Nature has a way of teaching lessons that we as humans would soon forget. Suicide is on the rise. Bullying accusations keep school counselors so busy, they have little time for prepping students for college and career readiness. Schools are scared of districts. Districts are scared of parents. Parents are scared of children, and children are scared of NO ONE! “They do the same thing at home,” is one of the worst things teachers want to hear on Parent-Teacher conference day. Keep reading if you want more for your child.
There is a story of a man who took interest in a certain caterpillar. He watched as it spotted the leaves of his tree and the days of spring grew warm. One particular day, he noticed the fuzzy little worm had encased itself into a cocoon. Excitement filled his heart as he knew what came next. He watched patiently everyday with anticipation. On a rare case of luck, he saw that magnificent creature struggling to make its way transformed into the world.
Being a man of good nature, he decided to help the butterfly along by snipping a larger opening into the cocoon. What happened next stunned and saddened the man. Instead of a beautiful butterfly, what emerged was a plump worm with small and shriveled wings. This creature could not fly. This creature could barely move. And there it sat helplessly on the limb of the tree with little hope for survival.
What this man did not realize is the small hole of the cocoon was intended to make the butterfly struggle. In that struggle, the fluid would be pushed from the body and into its wings. It is only through this process of struggle that the butterfly would be able to fly. By widening the hole with scissors, the man removed the struggle. What should have been a magnificent creature, was destined to suffer, or worst yet, become the prey of another animal. So, by removing the cocoons intended purpose, the good intentions of the man ultimately hurt the butterfly.
Put your scissors away
How often have you refused to let your child struggle or go without? How often have you allowed them to do something even though it was against your better judgement? In that moment, was your lapse in judgement more about your fear, or theirs? What opportunity was missed by not allowing your child to learn a valuable lesson; sacrifice, self-denial, appreciation, perseverance? Have you ever considered your child is smart enough to recognize your unwillingness to let them fail, to go without? Do you think they would use this fear against you? Year after year, I have students with terrible grades and attitudes, but have the latest and greatest in clothes and tech.
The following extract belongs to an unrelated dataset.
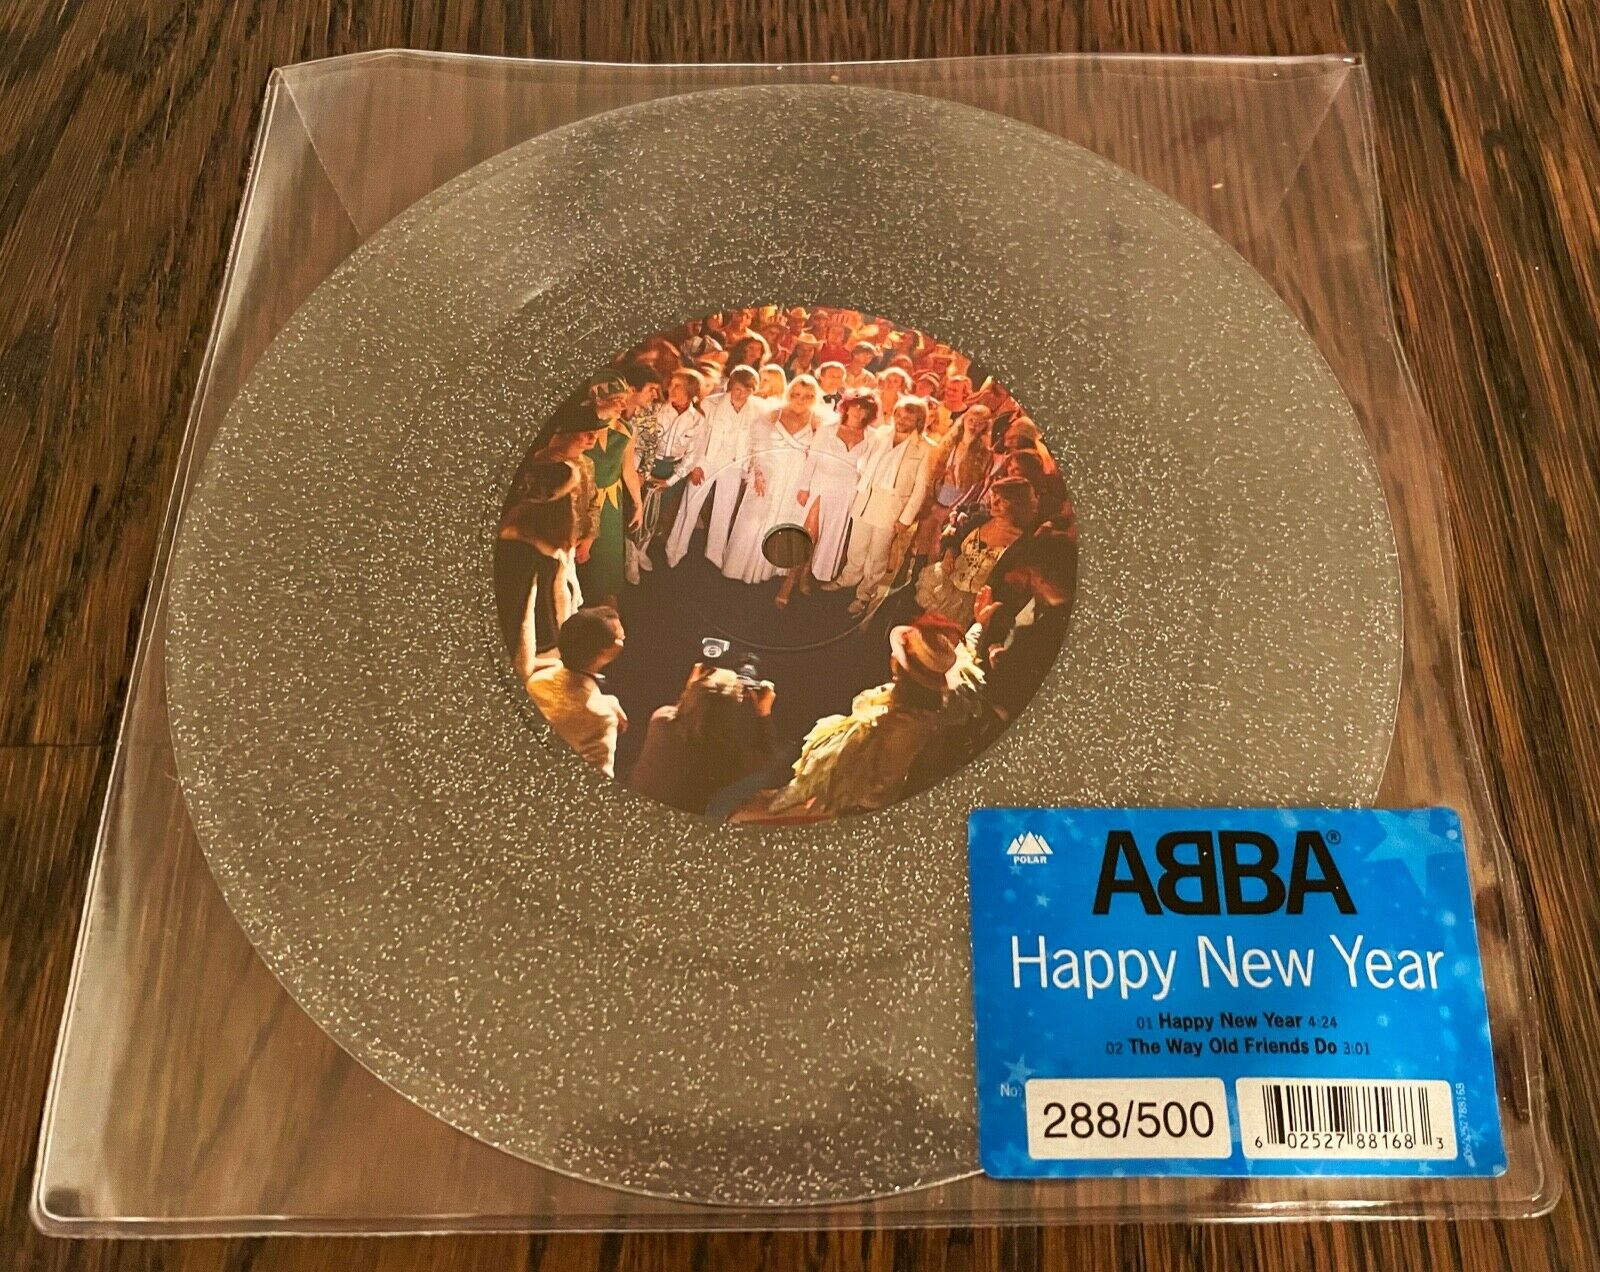 popsike.com - ABBA New - Glitter Vinyl Single - details

Boys grow to be men, and girls to be women. The type of men and women they become is largely based on what lesson we allow them to learn. Grit, perseverance, sacrificing for the greater good, and appreciation aren’t lessons that can be learned through coddling or giving. In our mind, the more we give, the more they should appreciate. In their mind, the more we give, especially despite their choices, the more they manipulate. When your child realizes this, game over! It is in a child’s nature to push the limits of authority in pursuit of what they want. When they discover they can use YOUR fear of THEIR disappointment to their advantage, what incentive do they have to stop, change, and grow?
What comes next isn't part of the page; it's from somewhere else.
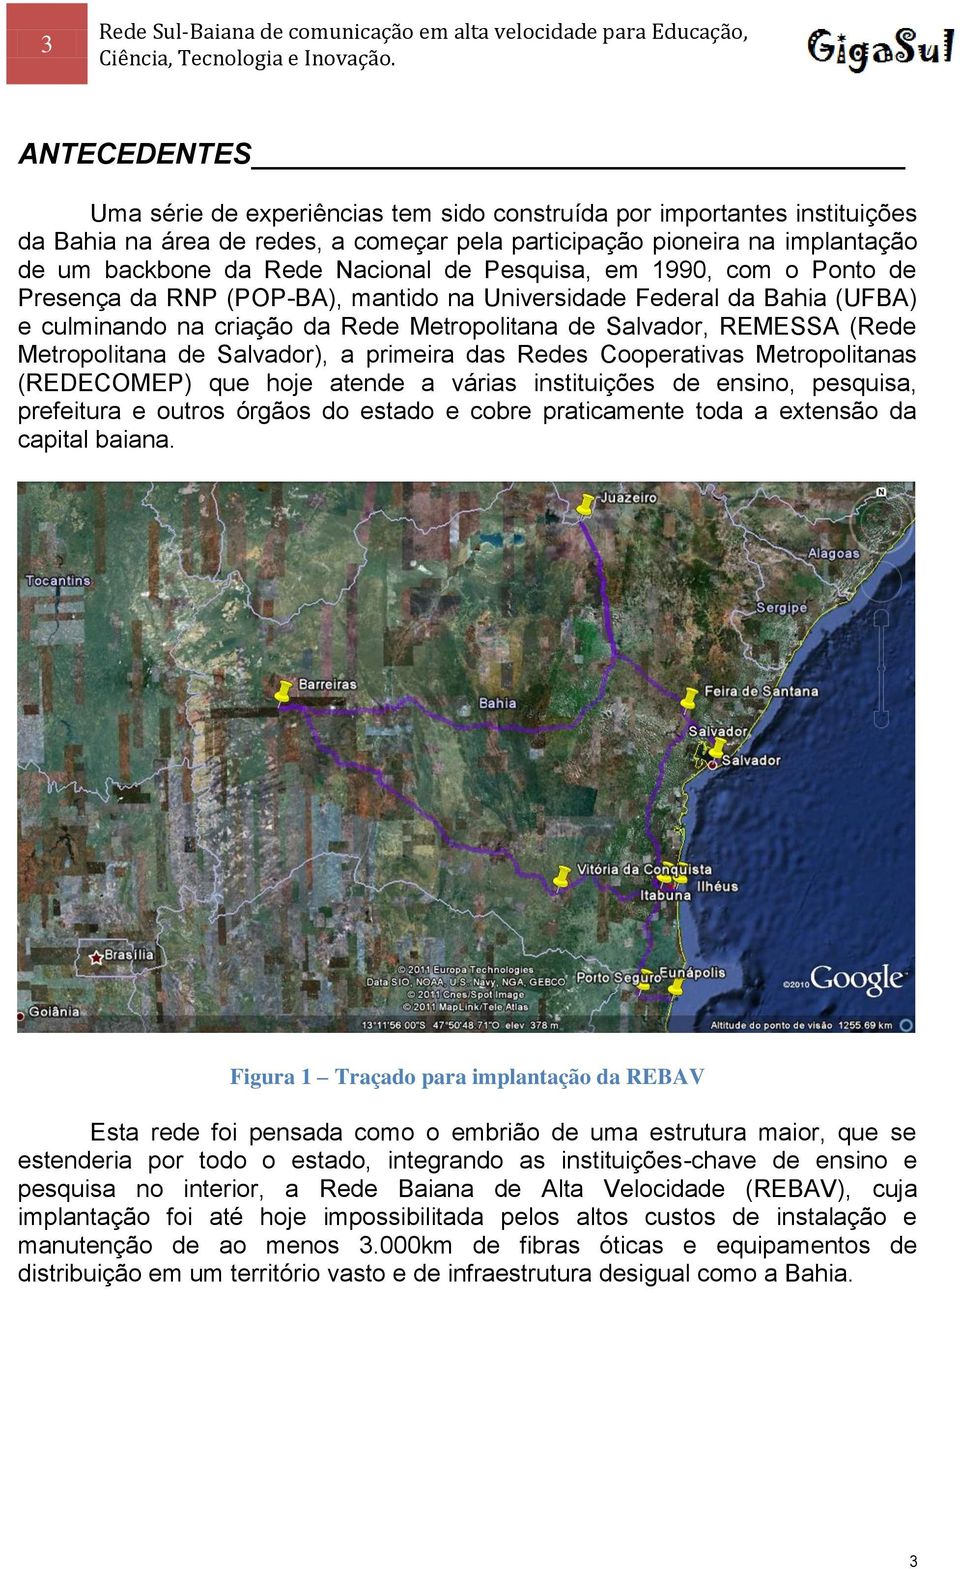 Metropolitana de Salvador), a primeira das Redes Cooperativas Metropolitanas (REDECOMEP) que hoje atende a várias instituições de ensino, pesquisa, prefeitura e outros órgãos do estado e cobre

See the adult you want, not just the child you have
Struggle has a way of pushing out pride. Pushing out selfishness. Pushing out thoughtless actions. Pushing out entitlement. And when you as a parent fear this struggle for your child what could end up is an adult with shriveled and unrealistic expectations. These adults have little chance for survival, especially in the world they are growing up in. And you as a parent have to do more than understand. You have to take that understanding and put it into action. You have to parent and help your child navigate the reality of struggle and disappointment.
tell us what you think?
Are we afraid to let our children fail? Are we doing more harm than good? Let us know what your think and leave your thoughts in the comments below.
4 thoughts on “Wounded Butterfly”
I am afraid to let my children fail when I still know I can help. But we must still allow them to prepare for their future which will be full of trials, some disappointments and yet they will see what they are capable of, find the answer and move on.
I think the key is small failures that present learning opportunities. Trust and believe, ultimately, I will do everything to keep my children from failing. At the same time, helping them navigate the reality of disappointment through intentional conversation is key.
Good read. I think as parents we are afraid of disappointing our children, but that narrative has to change. We want for them to be nothing but successful, however, failure must be part of that process. If we do not let them fail, we are doing them an injustice.
Especially our young men. Everyone is calling for strong leadership, yet when someone truly stands up (in a truthful and meaningful way) we complain because their ability to navigate and overcome their failures, strips away our excuses for doing the same. Thanks for sharing.